=== Provided data ===

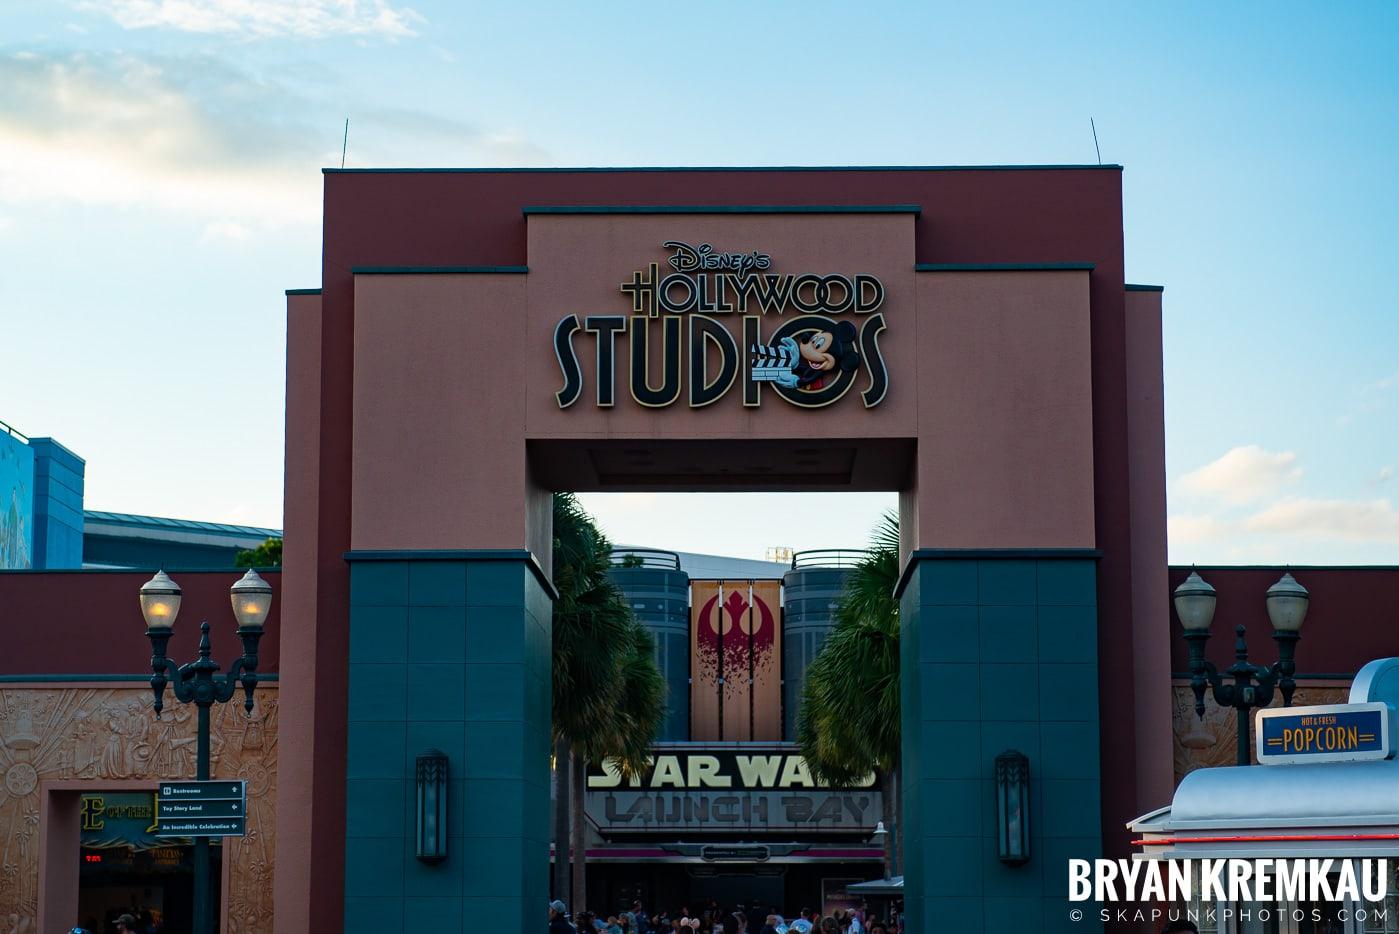 Walt Disney World Vacation: Day 5 (Animal Kingdom / Disney's Hollywood Studios) - 10.3.19 (50)
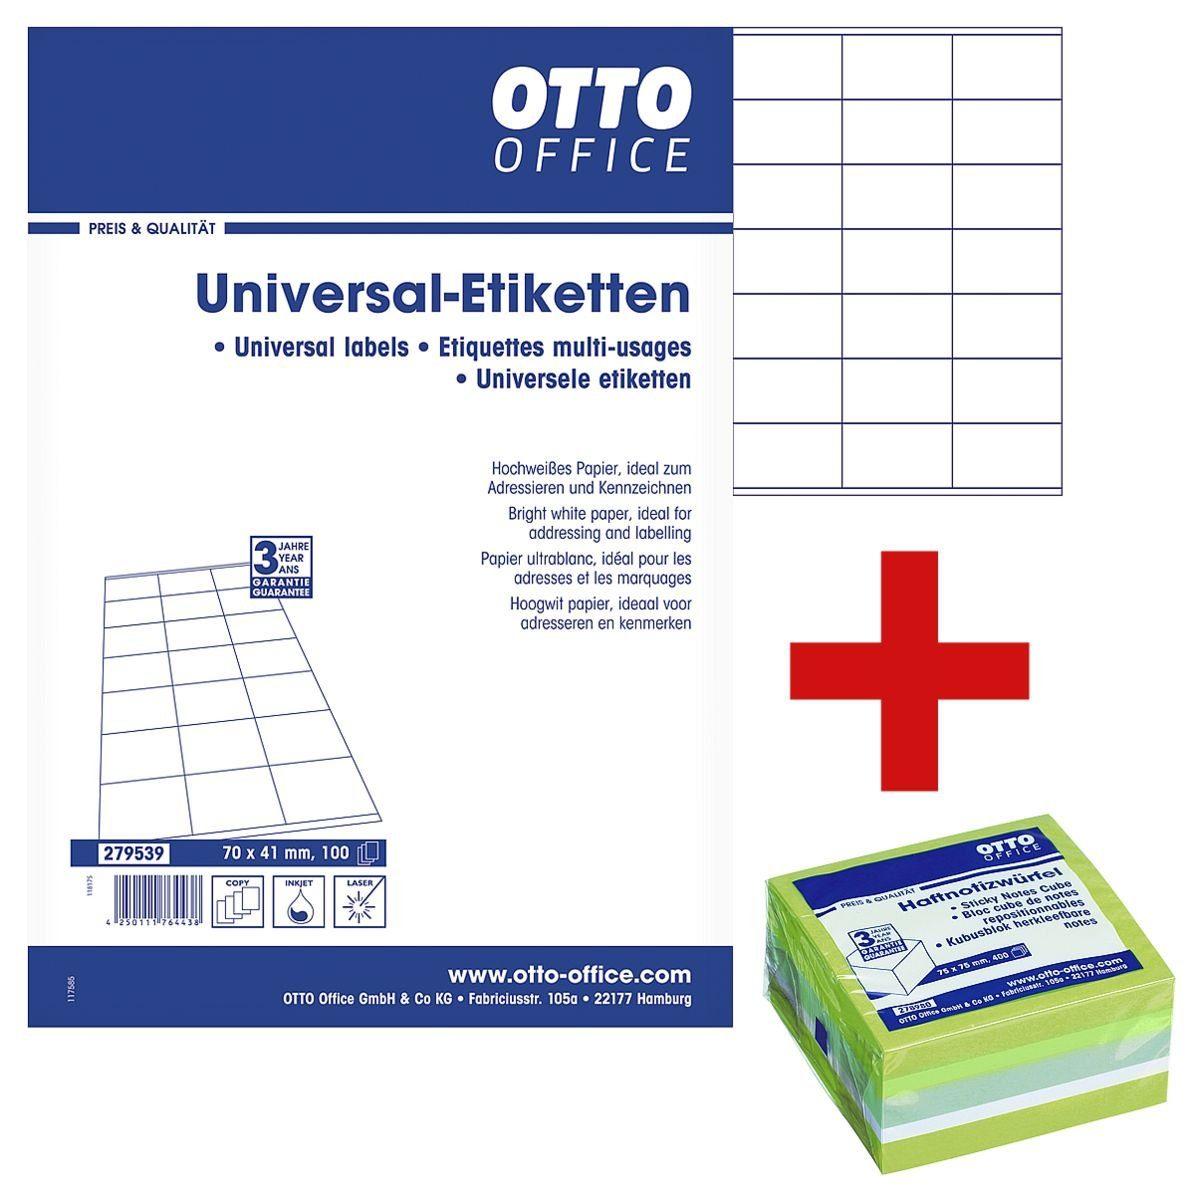 OTTO Office Standard 2100er-Pack Universal Klebeetiketten inkl. Haftnotizwürfel 1 Set
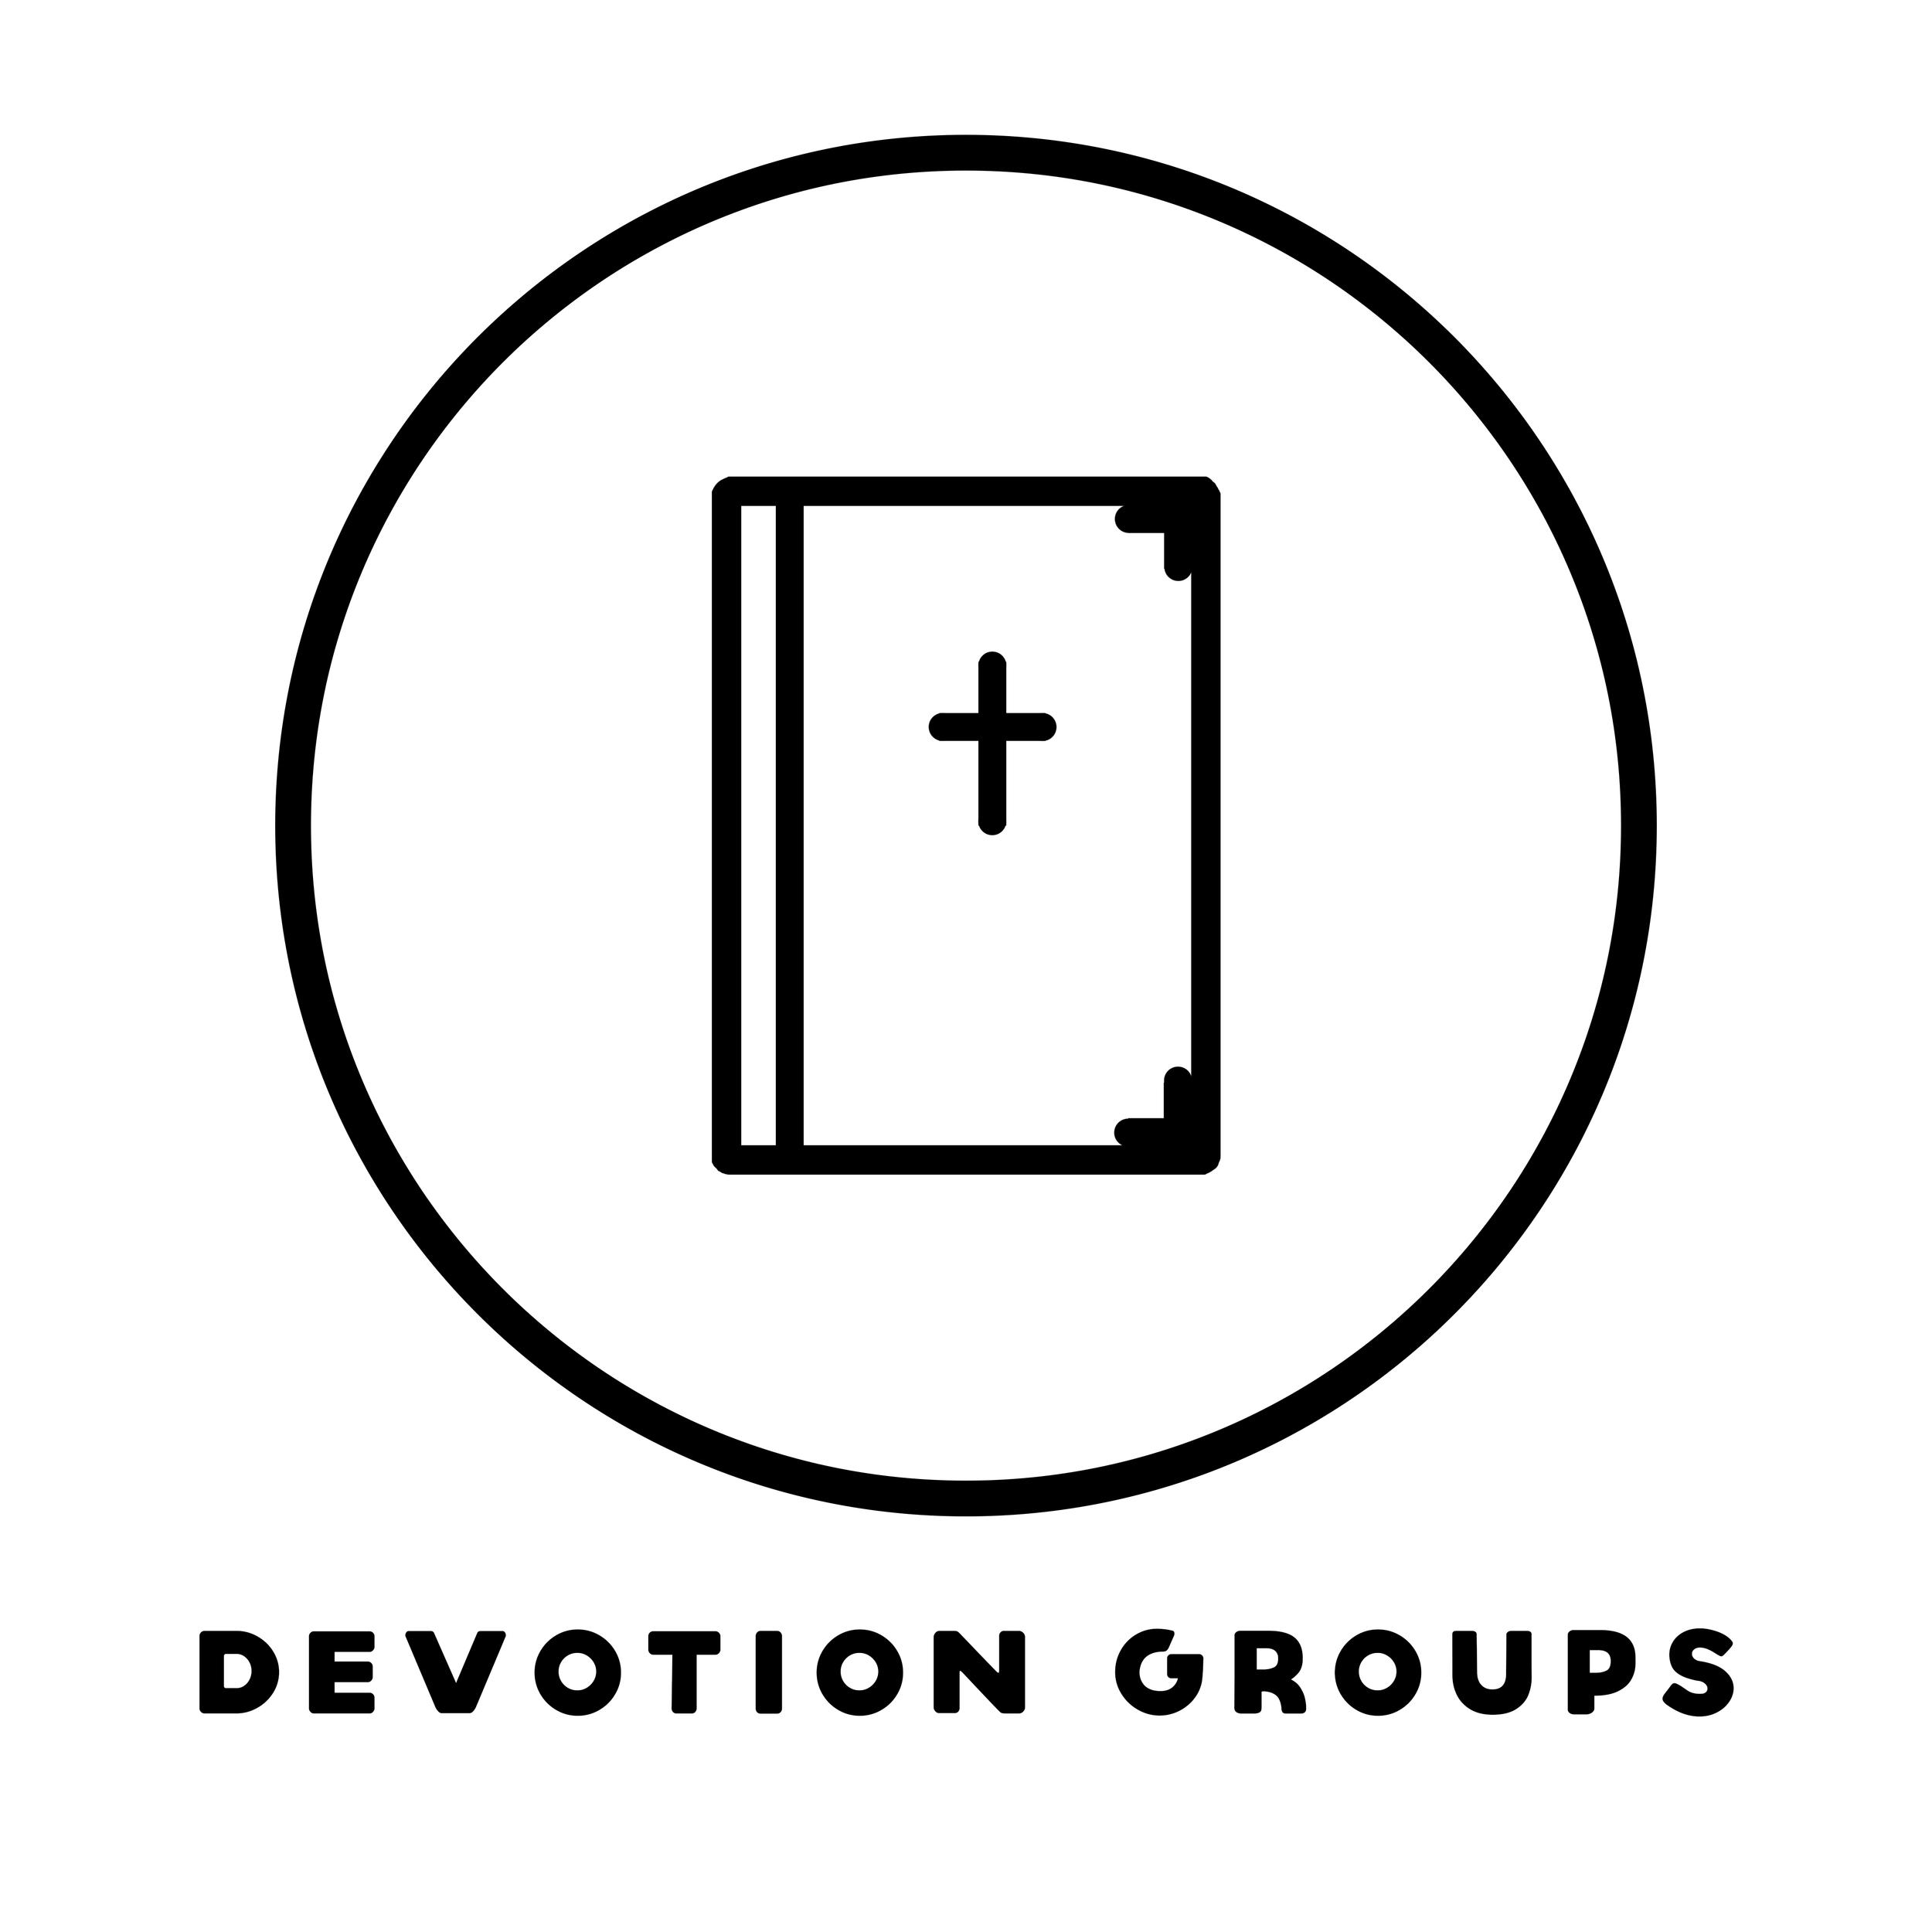 Logo_DevotionGroups.png

===

(Work task):
The task requires restating verbatim the lines from the one that holds "OTTO Office Standard" through the end of the listing, both ends counted, and no pictures.

(Response to this exercise):
 OTTO Office Standard 2100er-Pack Universal Klebeetiketten inkl. Haftnotizwürfel 1 Set
 Logo_DevotionGroups.png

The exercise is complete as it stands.